🪣

Requester pays bucket

Motivation

Instead of requiring the PDP data uploader to also pay for its egress / retrievability, allow retrieval-interested parties to pay for the retrievals themselves. This frees up the role of the storage payer from that of the retrieval payer, albeit both can still be the same person.

Inspiration

Using Requester Pays general purpose buckets for storage transfers and usage - Amazon Simple Storage Service
Learn how to use Amazon Simple Storage Service (Amazon S3) to store and retrieve any amount of data from anywhere. This guide explains Amazon S3 concepts, such as buckets, objects, and related configurations, and includes code examples for common operations.
https://docs.aws.amazon.com/AmazonS3/latest/userguide/RequesterPaysBuckets.html

🔏Payer-authorized retrievals via FilCDN

Requester pays for retrievals · Issue #40 · filcdn/roadmap
Eng thoughts: Either we need a meta data set structure, where multiple meta data sets can be created over one real dataset. Or we need an 1:n mapping between data sets and subscriptions (one pays j...
https://github.com/filcdn/roadmap/issues/40#issuecomment-3183311008
  • Here’s the two potential mechanisms that could enable “requester pays for bucket”:
    • Adding mechanisms for users to top-up 3rd party account balance
    • Permitting users to enable CDN service for 3rd party data sets

    Note that neither of these mechanisms works in a
    pay-per-byte model where user retrieving the data would pay directly to
    SP or FilCDN for the data they’ve consumed, rather both of these
    mechanisms extend on the already existing contracts and infrastructure.
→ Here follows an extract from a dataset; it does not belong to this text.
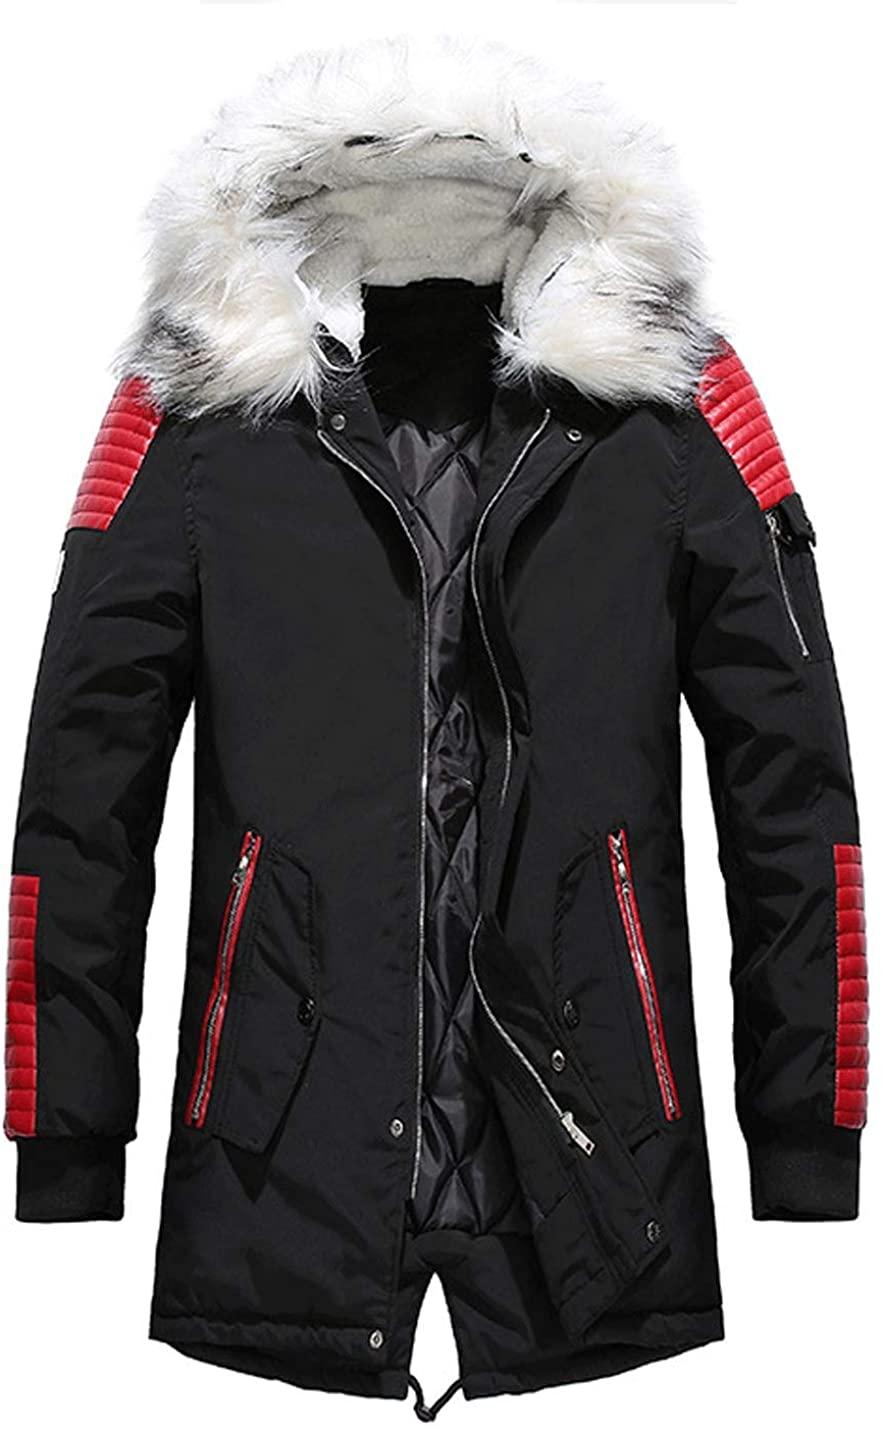 D.B.M Men's Fashion Long-Sleeved Thick Fur Collar Zipper Hooded Cotton Coat

    Adding mechanisms for users to top-up 3rd party account balance

    Currently, users are permitted to top-up the balances of
    third-party accounts. However, there are no mechanisms in place to
    prevent the third-party user from operating the account linked to the
    CDN rails and withdrawing funds from it. To prevent this, the operator
    would need to either increase the streaming rate or implement a fixed
    lockup mechanism that prevents the third-party user from withdrawing the
    funds. This approach could be challenging, as it would grant users
    authority over third-party payment rails and potentially lead users to
    lose control over the deal.

    Permitting users to enable CDN service for 3rd party data sets

    The second solution is simpler, but it would require the
    introduction of a toggling mechanism for the CDN service in the FWSS
    contract beforehand. In the issue #125,
    I mentioned some mechanisms on how we could enable toggling the CDN
    service for a data set on and off. However, if there are no
    authorisation mechanisms, users could enable the CDN service for a
    third-party data set and pay the egress costs themselves. The downside
    of this solution is that deal termination becomes more complex.

Design

Schema

Retrievability can be added to a full data set (bucket), and doesn’t operate on individual piece level. See https://space-meridian.slack.com/archives/C08TVNKJV7C/p1755089591144709?thread_ts=1755084399.560739&cid=C08TVNKJV7C for discussion.

Problem

Now the main question is:

âť“

How to create a CDN deal for an existing data set

Status Quo

This is the current state of contracts:

  • CDN deals can only be made in the same transaction as making the storage deal. Either you add CDN when creating the storage deal, or you don’t
  • Because of this, CDN deals can also only be made by the data uploader themselves
  • For each data set, there can be exactly 0 or 1 CDN deals, as 2 CDN payment rail IDs exist as properties on the data set structure (one for cache miss, one for the CDN).

Contract updates

Either we update WarmStorageService, the main contract, to

  • Map 0:n CDN deals to each PDP deal, with arbitrary deal owners
  • Terminate CDN deals on storage deal termination

Or we create a separate contract, that implements this feature on top of WarmStorageService. This allows us to iterate more freely, at the cost of maintaing another contract with its own upgrade cycle, and another data source to sync with for the indexing backend.

In case of a separate contract, we need to make sure that termination of the WarmStorageService PDP deal also terminates the new contract’s CDN deal.